Jetzt, Mutter, sprich. Warum will mich der Vater –

Mich nicht mehr sehen?[542]

MARIA.

Jetzt nur, heute nur,

Will er allein sein –

KSÉNJA.

Nein! das ist es nicht!

MARIA.

Doch, Ksénja, höre nur: Not ist und Krieg

In unsrem Land – darum flieht uns der Herzog –

Dir ist dein Glück zerstört – so meint der Vater,

Er selbst, er trüge Schuld daran – du mußt

Das so verstehen, Kind, so ist es richtig –

KSÉNJA.

Ich muß den Vater sehn. Wenn ich ihn sehe

Dann weiß ich alles gleich. Hier ist noch mehr

Als du mir sagen willst. Die Frauen liefen

Weinend zu mir und sagten: Christian hätte

Mich heut verlassen – und es kamen andre,

Die schrieen: Gift! und: Herzog Christian stirbt!

Da war mir schon, als wankten über mir

Die Balken und Gewölbe –

MARIA.

Ksénja, Kind!

KSÉNJA.

Das war noch nicht genug – es kommt noch dies,

Daß mich der Vater – mich nicht sehen will –

Mutter, was ist so fürchterlich an mir,

Welch eine Pest des Herzens, daß den Herzog

Das Sterben schöner dünkt als unsrer Hände

Vereinigung – und daß der Vater mich

Nicht sehen will – was tat ich ihnen beiden –

Ich weiß doch nicht, was Arges ich getan,

Und muß es wissen – sag es mir nur rasch –

Mutter, der Himmel wankt – der Himmel, Mutter,

Bricht über mir zusammen –

MARIA.

Jesus Christus,

Sprich nicht so, Ksénja, Mädchen, sprich nicht so,

Gott ist mit uns – er hilft. Geh du mit mir,

Ich bringe dich zu Bett, mein Kind, und sitze

Die Nacht bei dir – so hör doch nur – es ist

Ein Mißverständnis –

KSÉNJA.

Laß mich gleich zu ihm,

Nur einen Augenblick – dann wird es gut –

Ich will nicht so vor seiner Türe stehn

Und mich vertreiben lassen –

MARIA.

Heute nicht –

KSÉNJA.

Nein heute – heute – Mutter, laß mich doch

Nur gleich zum Vater – gleich –

MARIA.

Ich darf nicht, Kind!


[543] Die Frauen verstummen, da Fürst Schuiski wieder aus dem Nebenzimmer tritt, gefolgt von Iljá, dem alten Diener des Zaren.


KSÉNJA.

Fürst, sahst du ihn?

SCHUISKI.

Sehr müde ist der Zar,

Er möchte ruhn, er hieß den Diener schon

Das Bett zur Nacht bereiten.

KSÉNJA.

Müde ist er –

So will ich denn bis morgen warten und

Ein wenig schlafen – geh auch du zu Bett,

Ich kann allein –

MARIA.

Nein, Kind!

KSÉNJA.

Komm, Mutter, komm!


Sie gehen ab.


SCHUISKI.

Der Zar ist krank. Hab sorglich acht auf ihn.

ILJÁ.

Weiß Gott, ich schließ kein Auge diese Nacht.

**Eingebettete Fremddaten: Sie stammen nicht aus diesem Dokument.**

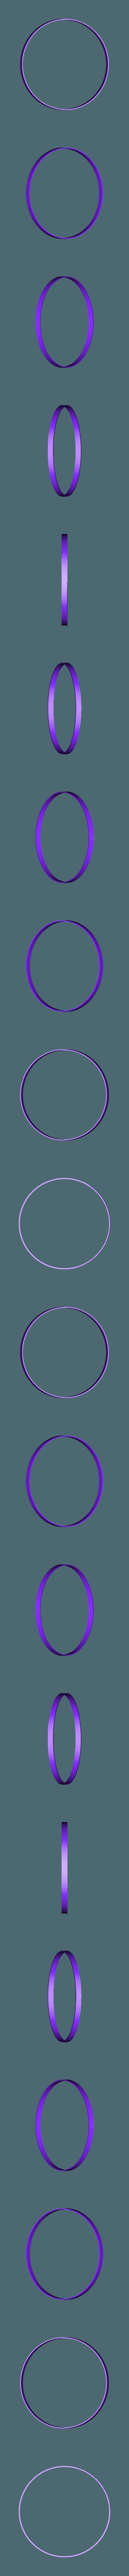 cerclage_acier.stl Download free STL file A spinning wheel • 3D printing template, NOP21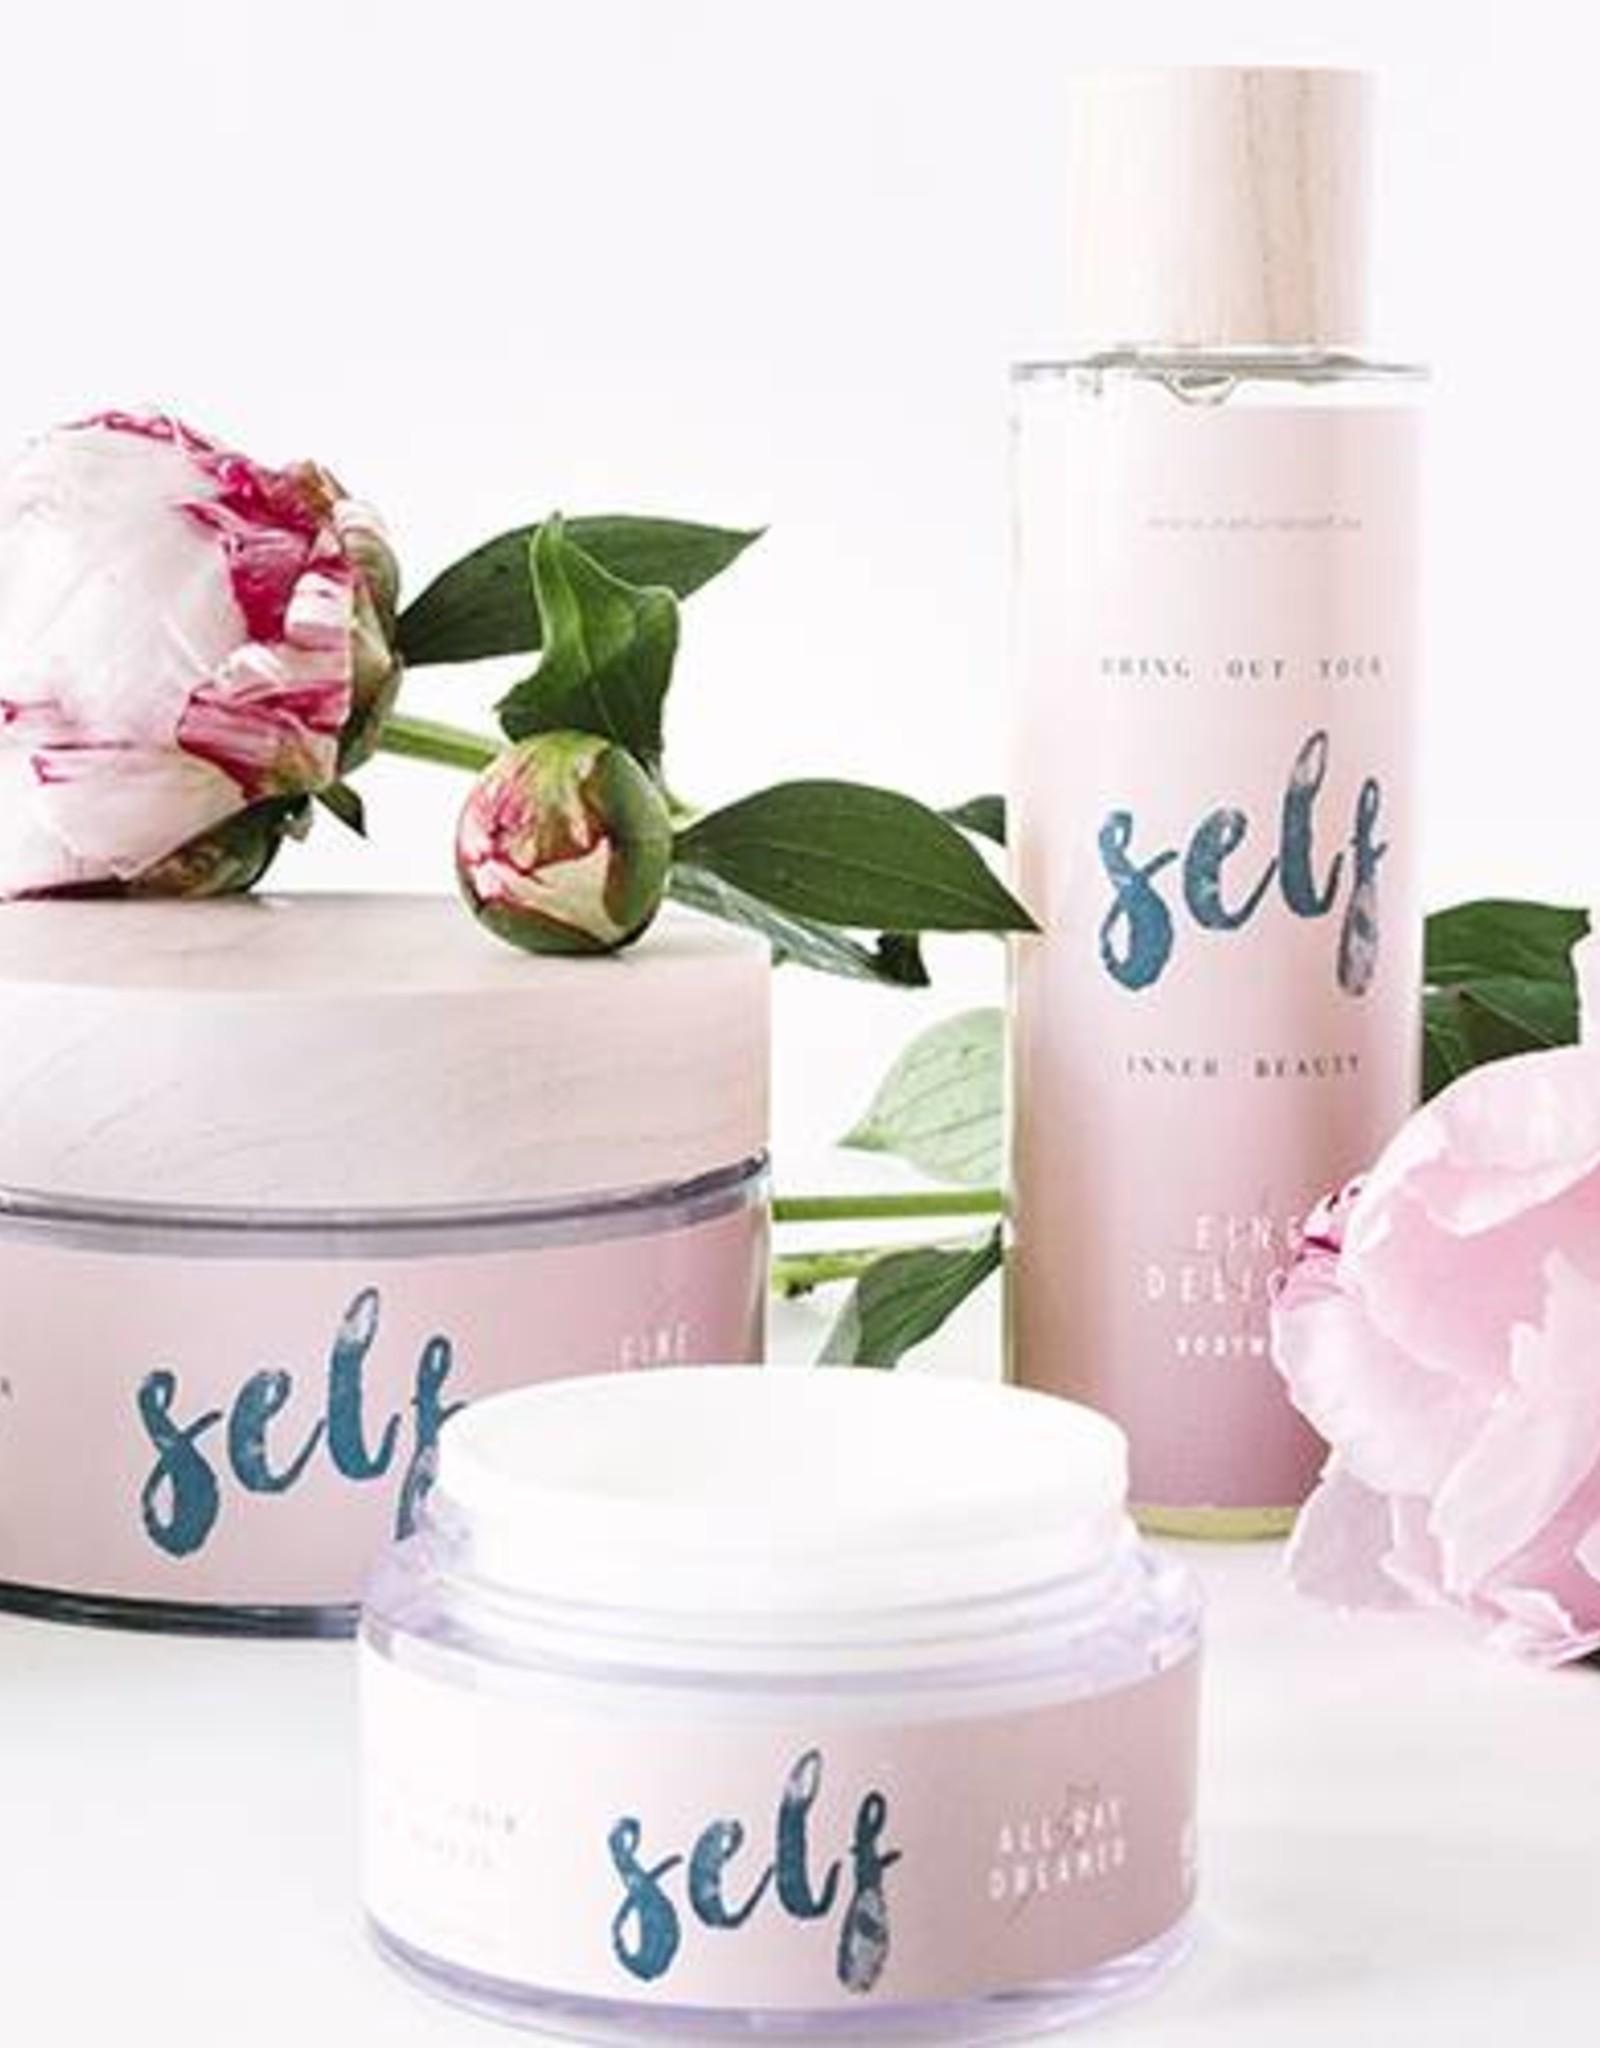 Self Self- Body scrub

Es scheint mir nicht geheuer.

SCHUISKI.

Rede nur.

Weißt du etwas?

ILJÁ schlägt ein Kreuz.

Der Böse treibt sein Spiel.

SCHUISKI.

Glaubst du an Ammenmärchen, alter Mensch?

ILJÁ.

Du irrst dich, Herr. Dies sind mir Märchen nicht,

Wohl aber weiß ich, daß die untre Welt

Unholde sendet und Verwirrung schafft.

Du bist so alt wie ich und sahst es wohl

So oft wie ich. In Ruhe lebt ein Mensch

Und freut sich seines Friedens schlecht und recht

Und merkt nicht, daß ein häßliches Gebild

Ihm schon im Rücken steht. Dann kommt die Stunde,

Solch eine unbewachte, weißt du, Herr –

Man hat das Kreuz vergessen oder etwa

Das Nachtgebet – da schlüpft der Wicht hinein

Und krallt sich in der Seele fest und schickt

Verruchte Tat und wilde Worte aus –

Jetzt rast der Mensch, treibt Unzucht oder Mord

Und lügt und lästert Gott.

SCHUISKI.

So wähnst du jetzt

Solch einen Unhold in des Zaren Seele?

ILJÁ.

Es ist nicht anders, Herr. Er ist verfinstert,

Ich kenn ihn doch wie keiner. Vor drei Tagen

Noch war er warm und freundlich wie das Licht

Und friedlich war die Zeit. Nun kam der Wicht[544]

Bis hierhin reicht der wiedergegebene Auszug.